We used data on gold-standard and EHR-derived second breast cancers in a cohort of women with a prior breast cancer diagnosis from 1993–2006 enrolled in Kaiser Permanente Washington. We simulated an exposure that was independent of the true outcome status. A surrogate outcome was then simulated with varying sensitivity and specificity according to exposure status. We estimated the type I error rate for a test of association relating this exposure to the surrogate outcome, while varying outcome sensitivity and specificity in exposed individuals.

Results:

Type I error rates were substantially inflated above the nominal level (5%) for even modest departures from non-differential misclassification. Holding sensitivity in exposed and unexposed groups at 85%, a difference in specificity of 10% between the exposed and unexposed (80% vs 90%) resulted in a 36% type I error rate. Type I error was inflated more by differential specificity than sensitivity.

Conclusions:

Differential outcome misclassification may induce spurious findings. Researchers using EHR-derived outcomes should use misclassification-adjusted methods whenever possible or conduct sensitivity analyses to investigate the possibility of false-positive findings, especially for exposures that may be related to the accuracy of outcome ascertainment.

Keywords: electronic health record, misclassification, outcome, phenotype, validation

Introduction

Electronic health records (EHR) have become an important data source for investigating adverse outcomes associated with pharmacologic exposures. However, EHR-derived data are imperfect, and many recent studies have drawn attention to multiple challenges of working with this data source13. One challenge of working with EHR data is the lack of gold-standard information on patient outcomes. It is well known that non-differential outcome misclassification, in which sensitivity and specificity of the surrogate outcome are unrelated to the true exposure status, tends to bias results towards the null4. However, if misclassification is differential, bias can be towards or away from the null5,6. Differential misclassification of outcomes with respect to exposure status may be common in EHR-based studies investigating pharmacologic exposures because patients receiving treatments of interest may access the health care system more frequently, leading to richer EHR data and possibly more sensitive and/or less specific outcome ascertainment for these patients7.

EHR-based studies are frequently used for hypothesis generation and identification of novel risk factors. A key concern for findings from such studies is lack of reproducibility811. For EHR-based discovery, outcome misclassification is a key contributor to irreproducibility12. Using data from the eMERGE study, we previously quantified the loss of power attributable to outcome misclassification13. However, spurious associations induced by outcome misclassification are also an important contributor to lack of reproducibility.

We have previously developed and validated an EHR-based algorithm for identifying second breast cancers in women with a personal history of breast cancer14,15. An EHR-derived second breast cancer measure can be paired with pharmacologic exposures derived from prescription or drug dispensing databases to identify medications that may increase or decrease the risk of a second breast cancer. Using the previously developed EHR-based algorithm, we conducted statistical simulation studies to investigate bias in association parameter estimates due to differential outcome misclassification. We found that, when misclassification of second breast cancers was non-differential, parameter estimates were only minimally biased. However, under differential misclassification bias became relatively severe16.

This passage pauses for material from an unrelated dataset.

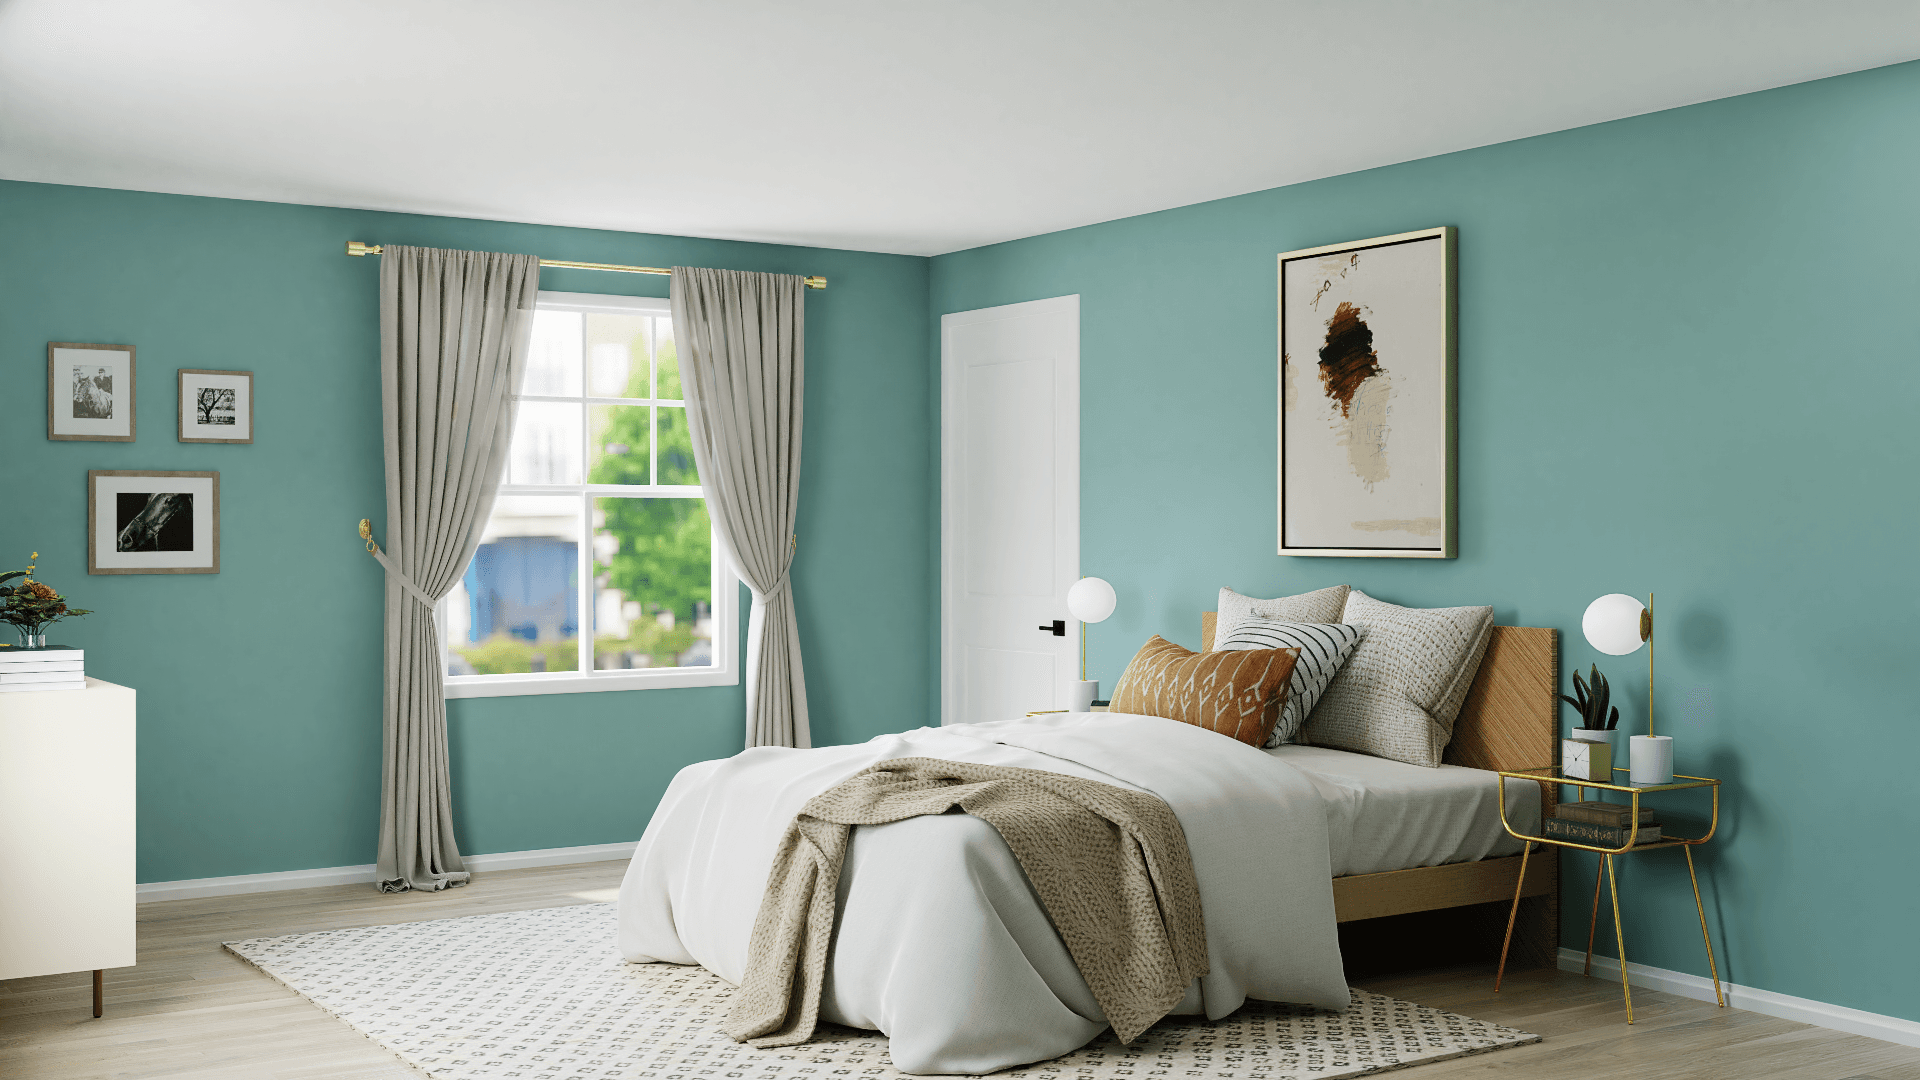 Cool Mint Walls: A Mid-Century Modern Bedroom

The objective of this paper was to extend our previous investigation on bias due to differential misclassification in EHR-derived outcomes to quantify the magnitude of type I error resulting from exposure-dependent differential misclassification. Quantifying type I error is important in the context of EHR-based pharmacoepidemiologic studies because it provides a measure of the frequency of false-positive findings that may result from this type of measurement error. The results from this investigation can improve understanding of the lack of reproducibility of some EHR-derived findings.

Methods

The BRAVA Study of Second Breast Cancers

We used data from the BRAVA study, an investigation of second breast cancer algorithm development that incorporated a subset of patients from a larger, prior study17. BRAVA data come from Kaiser Permanente Washington (KPWA), a large integrated health care system in Washington-state. We included women enrolled in KPWA with a primary stage I – IIB invasive breast cancer diagnosis between 1993 and 2006. Patient demographics, primary breast cancer characteristics, co-morbidities, and medication exposures were extracted from the KPWA virtual data warehouse and manual chart abstraction. Dates of second breast cancers were manually abstracted from patient records and extracted from a tumor registry to provide gold-standard outcome information. In addition, a “high specificity algorithm” for second breast cancer events15 was applied to structured EHR data to obtain an algorithm-derived second breast cancer indicator. Estimated sensitivity and specificity for this algorithm were 89% and 99%, respectively15. The BRAVA study was reviewed and approved by the Kaiser Permanente Washington Institutional Review Board.

Simulation Study

The objective of simulation studies was to estimate the frequency of false-positive findings (i.e., type I errors) that is induced when a surrogate outcome subject to differential misclassification is used rather than the gold-standard outcome. Simulations used BRAVA data on second breast cancers and patient characteristics combined with a simulated, hypothetical medication exposure that does not affect second breast cancer risk. We used data from BRAVA on a binary gold-standard outcome (second breast cancers, D), a binary surrogate outcome (algorithm-derived second breast cancers, S), and patient risk factors (X). We then simulated a binary exposure (E), which was independent of true second breast cancer status but associated with the sensitivity and specificity of the surrogate outcome. E represents a novel exposure suspected of increasing second breast cancer risk such as a medication.

Differential misclassification was induced by defining different accuracy measures for the surrogate S conditional on the exposure level E. Specifically, for j, k=0, 1, we define exposure-dependent accuracy measures (i.e., sensitivity and specificity) as ajk = P(S = 1|D = j, E = k) with D=0 indicating no second breast cancer and 1 indicating a second breast cancer diagnosis, and E=0 for no exposure and 1 for exposure. Differential misclassification was defined as aj0aj1, for j=0, 1.

In simulation studies, we used values for S and D observed in the BRAVA data and simulated E from a Bernoulli distribution with probability given by the following equation. Specifically, under the independence of outcome and exposure, the probability of E =1 conditional on S and D is given by

P(E=1|S=i, D=j) =(αj1i(1αj1)1iP(E=1))/k=0,1( αjki(1αjk)1iP(E=k)),

where j = 0, 1.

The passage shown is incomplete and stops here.